An interesting feature of this system is that it also tries to learn when the Latin letters should not be converted to Armenian. Next example comes from a random Facebook group:
|Random post from a Facebook group||Transliteration by translit-rnn|
|aysor aravotyan jamy 10;40–11;00 ynkac hatvacum 47 hamari yertuxayini miji txa,vor qez pahecir txamardavari u vori hamar MERSI.,xndrum em ete kardas PM gri. p.s.anlurj, animast u antexi commentner chgreq,karevor e u lurj.||այսօր առավոտյան ժամը 10;40–11;00 ընկած հատվածում 47 համարի երթուղայինի միջի տղա,որ քեզ պահեցիր տղամարդավարի ու որի համար ՄԵՐSI.,խնդրում եմ եթե կարդաս ՊՄ գրի. p.s.անլուրջ, անիմաստ ու անտեղի ցոմմենտներ չգրեք,կարևոր է ու լուրջ.|
It is interesting that the sequence
p.s. is not transliterated. Also it decided to leave half of the letters of
MERSI in Latin which is probably because it’s written in all caps (Wikipedia doesn’t contain a lot of text in all caps, maybe except some abbreviations). Also, the word
commentner is transliterated as
ցոմմենտներ (instead of
քոմենթներ), because it’s not really a romanized Armenian word, it just includes the English word
comment (and it definitely doesn’t appear in Wiki).

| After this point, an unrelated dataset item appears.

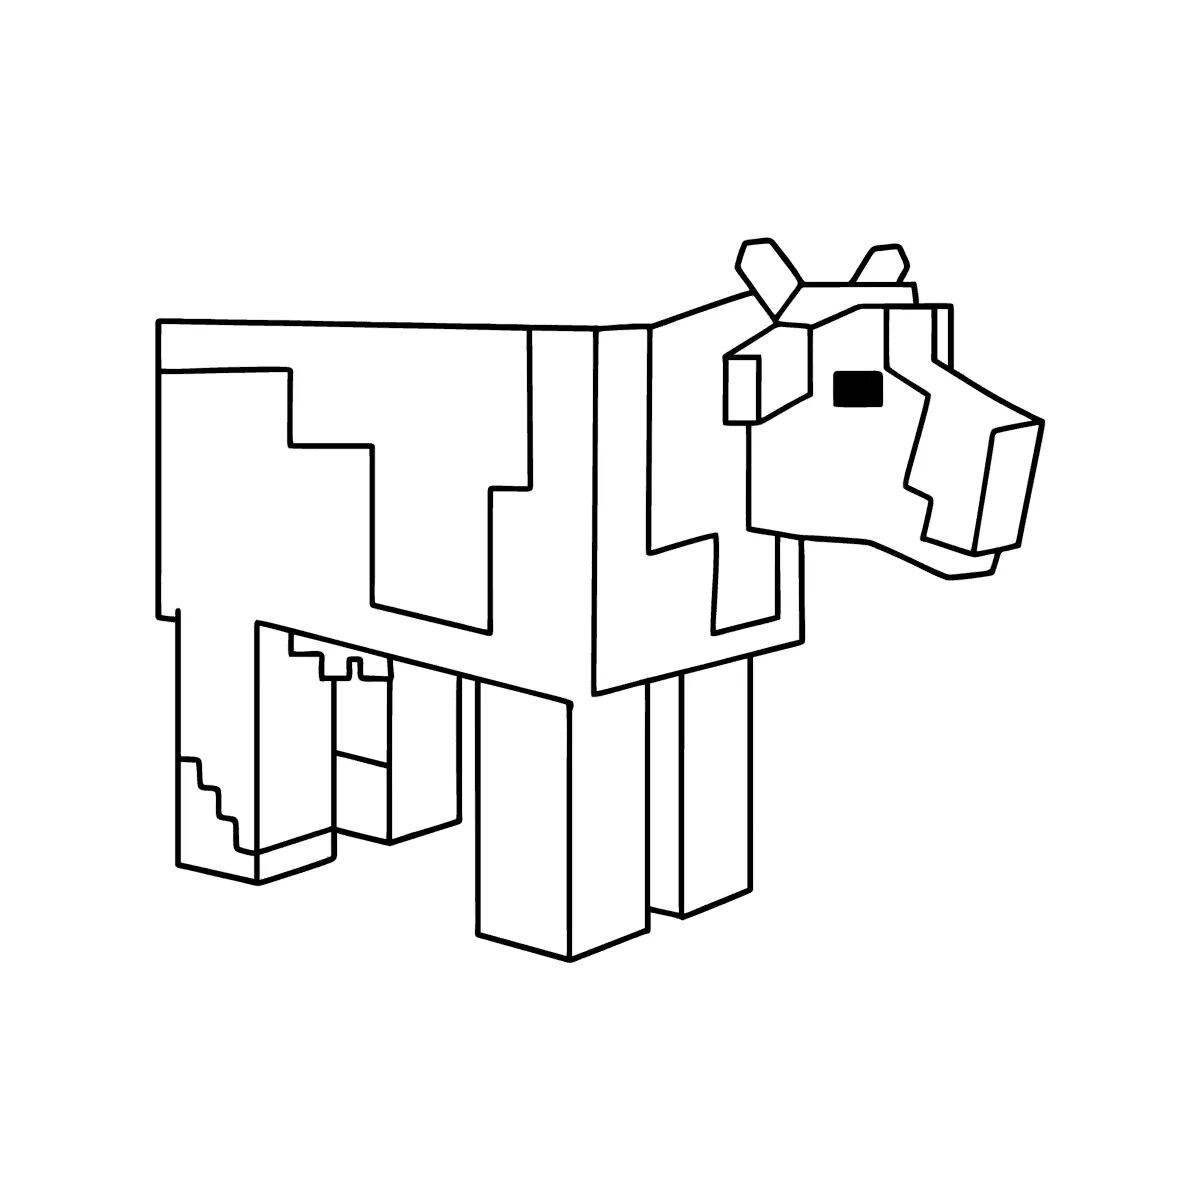 Gorgeous minecraft dog coloring page
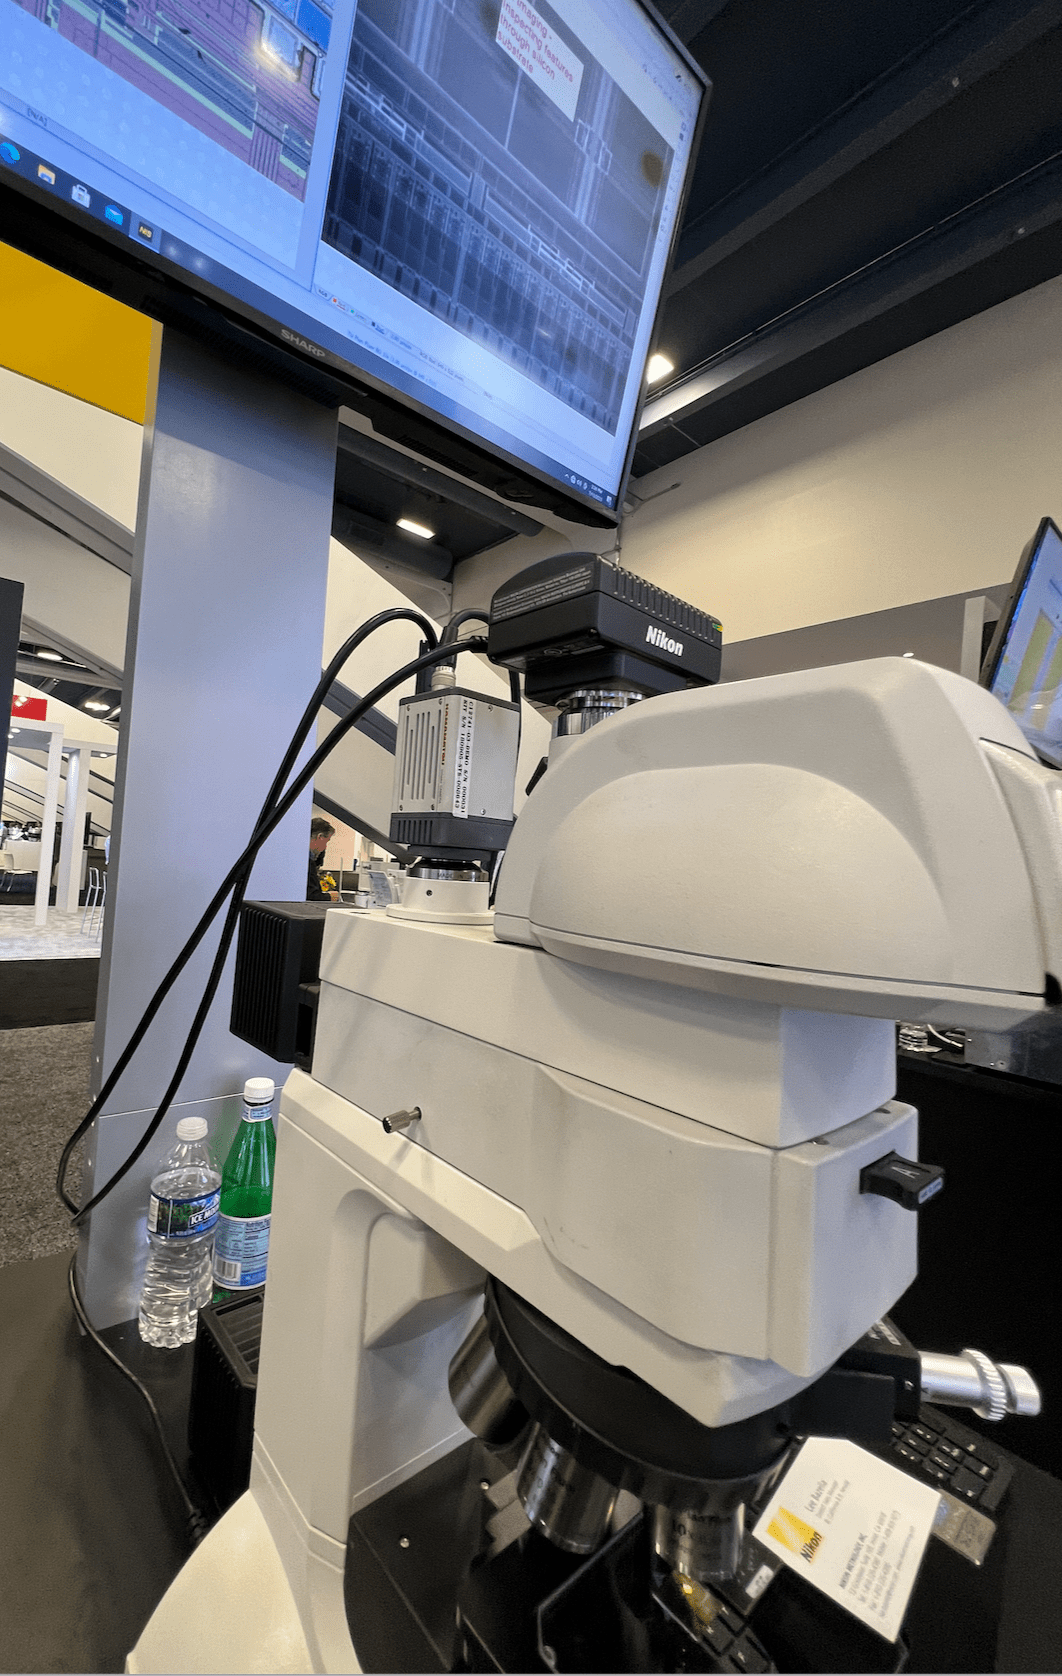 Nikon camera attached to an infrared camera on a microscope makes it possible to see through silicon layers, at the Nikon booth, Semicon West 2023. Source: Semiconductor Engineering/ Susan Rambo

First we plan to understand what the system actually learned by visualizing its behavior on different cases. It is interesting to see how the residual connection performed and also if the network managed to discover some rules known from Armenian orthography.
Finally, we would like to see this tool applied to more languages. We have released all the code in the translit-rnn repository and prepared instructions on how to add a new language. Basically a large corpus and probabilistic romanization rules are required.
We would like to thank Adam Mathias Bittlingmayer for many valuable discussions.